- _TASK TO COMPLETE_
Look through the listing below and write out exactly the lines from the line with "18 Ambient Rain" to the line with "Toe-ring slide sandals", both included, and no others.

>>

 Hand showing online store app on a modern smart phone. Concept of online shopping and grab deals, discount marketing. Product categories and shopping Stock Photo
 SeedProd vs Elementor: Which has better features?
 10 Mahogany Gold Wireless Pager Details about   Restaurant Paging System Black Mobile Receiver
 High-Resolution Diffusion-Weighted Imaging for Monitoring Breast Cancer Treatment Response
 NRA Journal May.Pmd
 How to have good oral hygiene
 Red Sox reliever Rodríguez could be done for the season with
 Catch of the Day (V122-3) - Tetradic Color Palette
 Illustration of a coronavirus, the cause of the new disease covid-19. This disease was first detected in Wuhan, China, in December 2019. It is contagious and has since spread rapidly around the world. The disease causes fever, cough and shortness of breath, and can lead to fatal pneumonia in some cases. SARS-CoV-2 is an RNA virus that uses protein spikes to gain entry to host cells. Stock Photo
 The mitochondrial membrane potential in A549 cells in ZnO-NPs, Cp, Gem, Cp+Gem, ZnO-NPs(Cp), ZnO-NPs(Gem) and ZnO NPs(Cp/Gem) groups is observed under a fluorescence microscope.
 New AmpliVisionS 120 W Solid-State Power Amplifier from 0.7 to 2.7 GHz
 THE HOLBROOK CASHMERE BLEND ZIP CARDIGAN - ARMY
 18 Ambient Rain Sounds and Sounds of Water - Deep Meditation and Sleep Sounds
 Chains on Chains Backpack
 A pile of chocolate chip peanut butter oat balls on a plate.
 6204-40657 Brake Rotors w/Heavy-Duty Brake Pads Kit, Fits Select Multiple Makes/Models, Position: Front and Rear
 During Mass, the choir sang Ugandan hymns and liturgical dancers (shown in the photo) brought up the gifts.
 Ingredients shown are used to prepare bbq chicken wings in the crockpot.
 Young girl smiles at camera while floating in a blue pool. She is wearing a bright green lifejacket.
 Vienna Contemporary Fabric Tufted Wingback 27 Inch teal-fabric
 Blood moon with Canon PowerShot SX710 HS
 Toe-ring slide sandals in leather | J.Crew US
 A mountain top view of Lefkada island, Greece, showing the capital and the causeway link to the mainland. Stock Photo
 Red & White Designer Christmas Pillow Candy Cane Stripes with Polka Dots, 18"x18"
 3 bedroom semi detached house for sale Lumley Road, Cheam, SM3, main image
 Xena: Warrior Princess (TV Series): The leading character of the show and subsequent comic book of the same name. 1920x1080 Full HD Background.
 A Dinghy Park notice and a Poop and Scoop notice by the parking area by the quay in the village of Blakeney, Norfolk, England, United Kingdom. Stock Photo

<<

- _WRITTEN SOLUTION_
 18 Ambient Rain Sounds and Sounds of Water - Deep Meditation and Sleep Sounds
 Chains on Chains Backpack
 A pile of chocolate chip peanut butter oat balls on a plate.
 6204-40657 Brake Rotors w/Heavy-Duty Brake Pads Kit, Fits Select Multiple Makes/Models, Position: Front and Rear
 During Mass, the choir sang Ugandan hymns and liturgical dancers (shown in the photo) brought up the gifts.
 Ingredients shown are used to prepare bbq chicken wings in the crockpot.
 Young girl smiles at camera while floating in a blue pool. She is wearing a bright green lifejacket.
 Vienna Contemporary Fabric Tufted Wingback 27 Inch teal-fabric
 Blood moon with Canon PowerShot SX710 HS
 Toe-ring slide sandals in leather | J.Crew US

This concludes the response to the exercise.